13/11/2010

Sudacas, Orwell e Barcelona

Barcelona, Parc de Can Sabaté: vindo do alto, um ovo explode muito próximo do meu pé. O parque fica entre prédios residenciais dotados de varandas externas (terrazas), como é comum nesta cidade. Afora xenofobia hidrófoba, não há razão que explique esse ovo cair do céu, justo na minha direção, já que galinhas não costumam voar. Examinei-o e não estava podre, logo, também não poderia ser o descarte de um produto vencido, quanto mais em um país de primeiro mundo, onde, presume-se, não se jogam coisas pela janela. Atiraram o ovo em mim, de caso pensado, de uma daquelas varandas, é o que parece. E não me surpreendo com isso: preconceito e horror ao estrangeiro das periferias, aqui, são moeda corrente. Foram-se os tempos de uma Barcelona heróica, universal e cosmopolita, baluarte da liberdade e da cultura modernas e que inclusive mereceu um livro fenomenal de George Orwell, Homenagem à Catalunha . Hoje, a realidade política da cidade é outra, como se nota pela animosidade contra estrangeiros asiáticos, latinos e afros, nas ruas, no comércio e até em lugares públicos. A Barcelona atual está mais para uma província presa a injustificáveis medos abissais do que para a Barcelona dos anos 1930, tomada pela febre anarco-sindicalista magistralmente descrita nas páginas de Orwell.

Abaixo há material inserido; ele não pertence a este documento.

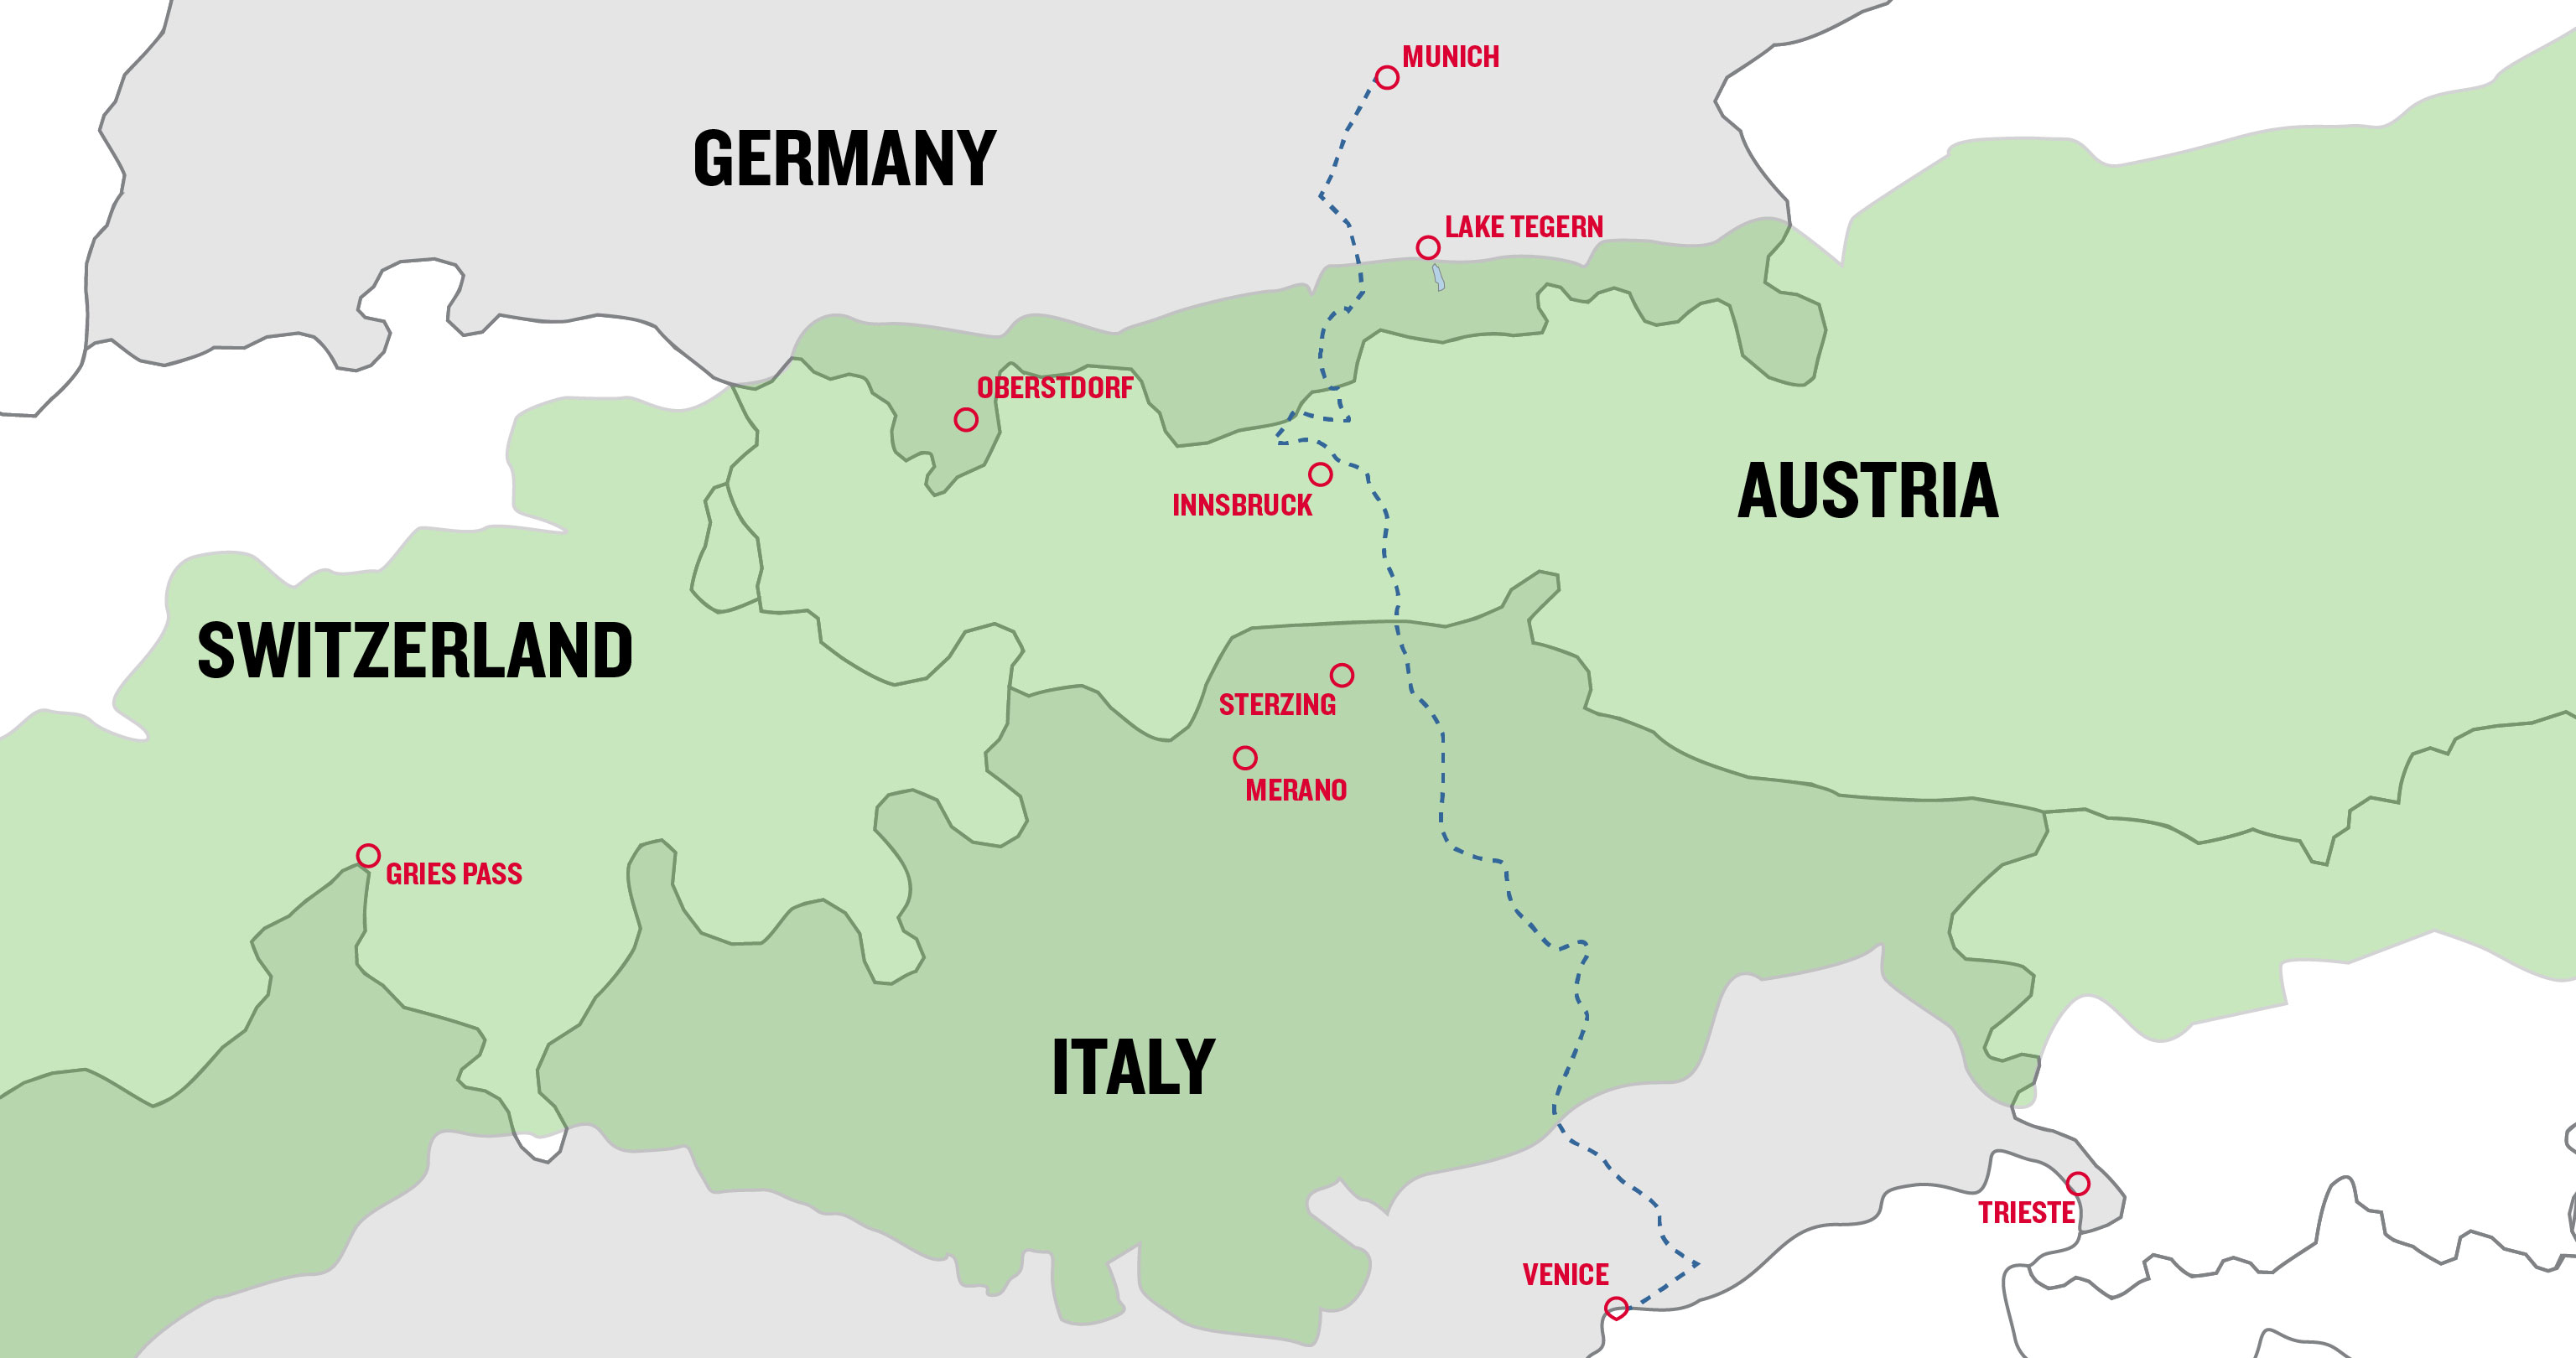 Map of the Munich-Venice Alpine crossing

Comezinho, este horror aos chinos, sudacas, afros e árabes tem origem, sem dúvida, no vigoroso fluxo migratório rumo à Espanha, nos últimos vinte e poucos anos. O senso comum local dá como natural a acintosa discriminação assistida todos os dias aqui, onde esses estrangeiros figuram como origem de todos os males. E o preconceito começa a ser uma prática defendida abertamente por políticos da extrema-direita catalã, que já segrega mão-de-obra de determinadas etnias. Regras mais rígidas para a imigração são, ainda, ponto de pauta obrigatório no debate eleitoral em curso, para políticos barceloneses de todas as colorações. Oxalá a guerra surda contra os imigrantes, hoje feita com ovos, insultos e olhares enviesados, não se torne uma guerra de fato, com tiros ou granadas disparados do alto de prédios contra estrangeiros exóticos…
Um colombiano com o qual divido o aluguel de um apartamento é taxativo: Barcelona é a cidade na qual há mais preconceito contra estrangeiros asiáticos, africanos e sul-americanos. Muito diferentemente de Madrid, onde comunidades árabes, colombianas, peruanas, argentinas, brasileiras, africanas etc. já fazem parte da paisagem cultural. Em geral, os imigrantes vêm para cá para fazer o trabalho que os espanhóis precisam, mas não fazem – ou porque não querem, ou porque não podem . São operários da construção civil, taxistas, garçons, babás, domésticas, faxineiras, fruteiros, barbeiros, lixeiros, balconistas, um sem-número de profissões necessárias ao país e sem dúvida geradoras de riqueza. Esses imigrantes – jovens, em sua grande maioria – costumam ser pacíficos, gentis e calados, pois têm medo de perder o pouco que conquistaram em seus anos de exílio voluntário. Recebem salários baixos para a média espanhola e européia, submetendo-se, não raro, a jornadas de trabalho escorchantes. Abandonam sua cultura, sua gente, e vivem tristes, degredados de si próprios, sonhando com uma volta triunfal à terra natal com muito dinheiro no bolso, sonho que não se realiza nunca, pois o custo de vida aqui é altíssimo e não permite muitas economias. Passado algum tempo de Espanha e conquistada a tão sonhada cidadania (cujo processo leva em torno de cinco anos para se concluir), acabam ficando ou porque já é tarde para partir e reconstruir a vida no país de origem ou porque se adaptaram, por mal dos pecados, à tirânica atmosfera local. No fundo, há sempre aquela vontade de voltar...
Escrevo tudo isto, enfim, porque esta é a gritante realidade com a qual fui imediatamente confrontado aqui, mesmo nesta rápida passagem pela cidade, a encerrar-se tão breve quanto possível. Não digo que não haja uma Barcelona verdadeiramente democrática e solidária como foi sua vocação nos tempos da Guerra Civil. Há de estar viva na memória de alguns barceloneses – certamente mais sensíveis e inteligentes – a fase em que esta cidade representou autêntica resistência ao fascismo. É na nobre história de Barcelona, pátria de artistas universais como Antoní Gaudí, Antoni Tàpies e Joan Miró, berço da resistência aos ditames dos franquismo, portanto, que os imigrantes devem se apoiar para fazer-se respeitar por quem se arroga no direito de ter mais direitos que seus iguais.